In acquiring F-35s, “we are telling our allies that we take the defence of our country seriously and that they can count on us”, he said in a statement on social media.

“In comparing the capabilities of the aircraft and their service life with the price, there is no better solution for fulfilling the tasks of the tactical air force of the Army of the Czech Republic for the next decades,” he added.

State broadcaster Radio Prague International said the purchase of the F-35s “will be the biggest defence contract ever signed by [The Czech Republic]”.

The US State Department approved the sale of F-35 jets, munitions and related equipment to the Czech Republic in June amid the country’s plans to replace 14 leased JAS-39 Gripen fighter jets from Sweden that are currently used by the Czech army.

Czech Defence Minister Jana Cernochova said the state will pay 150 billion Czech crowns ($6.47bn) for the aircraft by 2034, a bill that includes the cost of the aircraft, training of pilots, ammunition, upgrades to the Caslav air force base in central Czech Republic and fuel.

A member of the European Union and NATO with a population of some 10.5 million people, the Czech Republic has provided substantial military aid to Ukraine since Russia’s invasion, including aircraft, tanks, howitzer artillery, armoured vehicles and ammunition.

In exchange for its military aid to Kyiv, Prague has received German-made Leopard tanks and financial compensation from the US and the EU.

Chief of the general staff of the Czech armed forces Lieutenant General Karel Rehka said that the new jets would ensure “that in the case of need, we’ll manage to effectively defend ourselves against aggression, together with our allies”.

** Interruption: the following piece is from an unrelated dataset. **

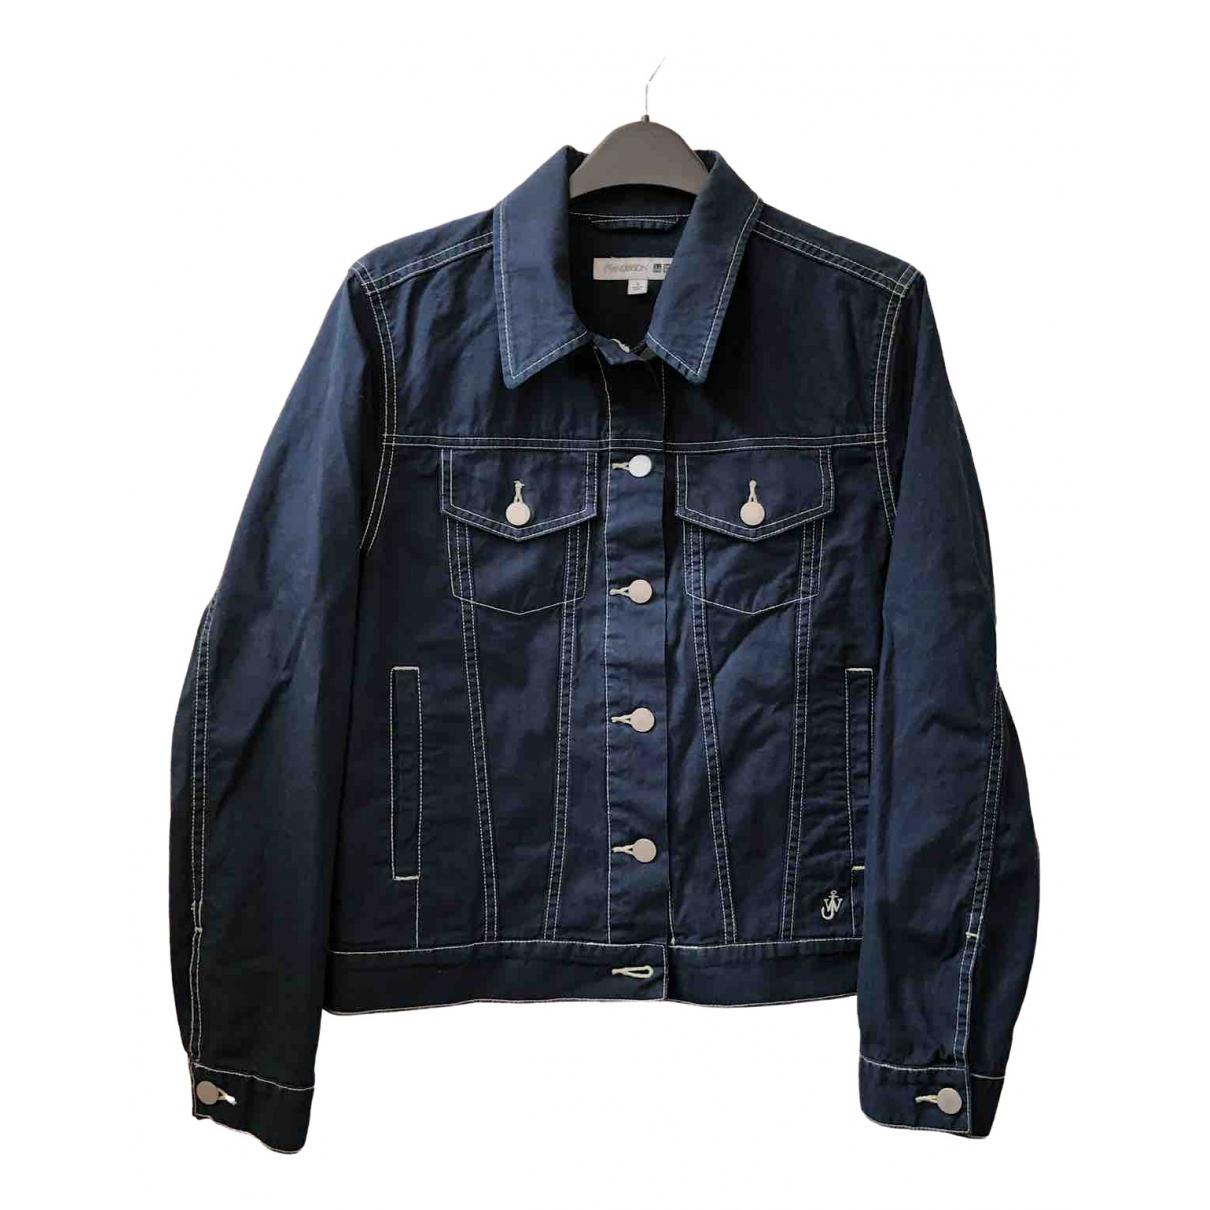 Uniqlo \N Navy Cotton jacket for Women S International
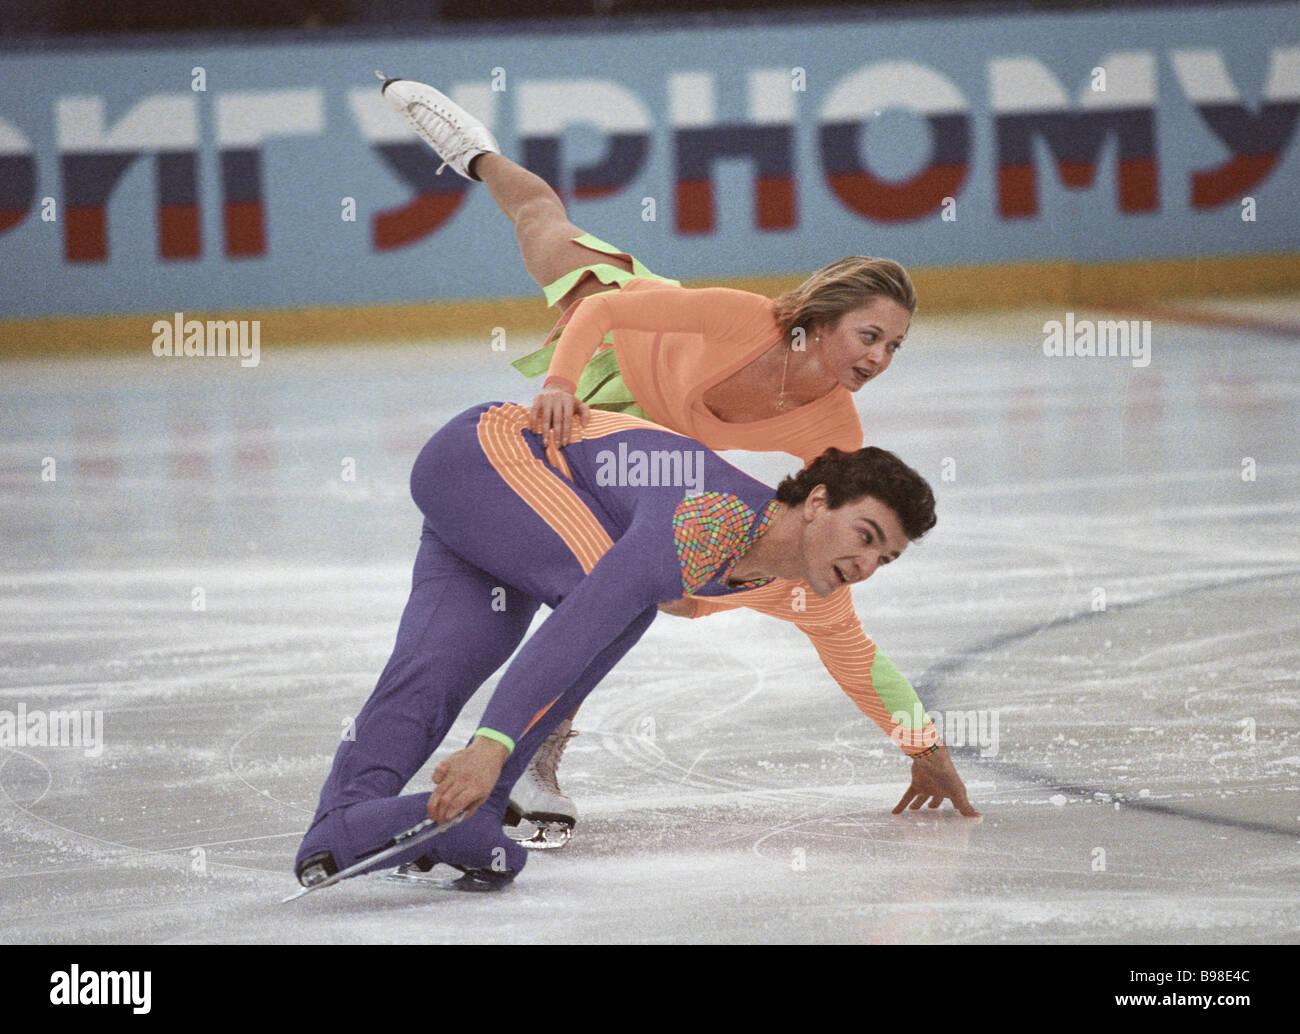 figure-skaters-elena-berezhnaya-in-overhead-bird-and-anton-sikharulidze-B98E4C.jpg (1300×1034)

The announcement of the F-35 deal comes as the Czech government plans to spend two percent of its gross domestic product on defence, in line with its NATO pledge.

Produced by Lockheed Martin and equipped with anti-detection stealth technology, F-35s are used across NATO, but also by Australia, Japan, Israel and South Korea. Other countries including neutral Switzerland have also signed deals to buy the planes, which were launched in 2006.

The US government’s Defense Security Cooperation Agency said in June that the F-35s would “improve the Czech Republic’s defence capabilities as well as support NATO operations by guarding against modern threats and maintaining a constant presence in the region”.

The Czech army recently bought US-made Viper combat helicopters and Venom multi-purpose helicopters, replacing obsolete Russian-made Mi-24 helicopters, some of which it has sent to Ukraine.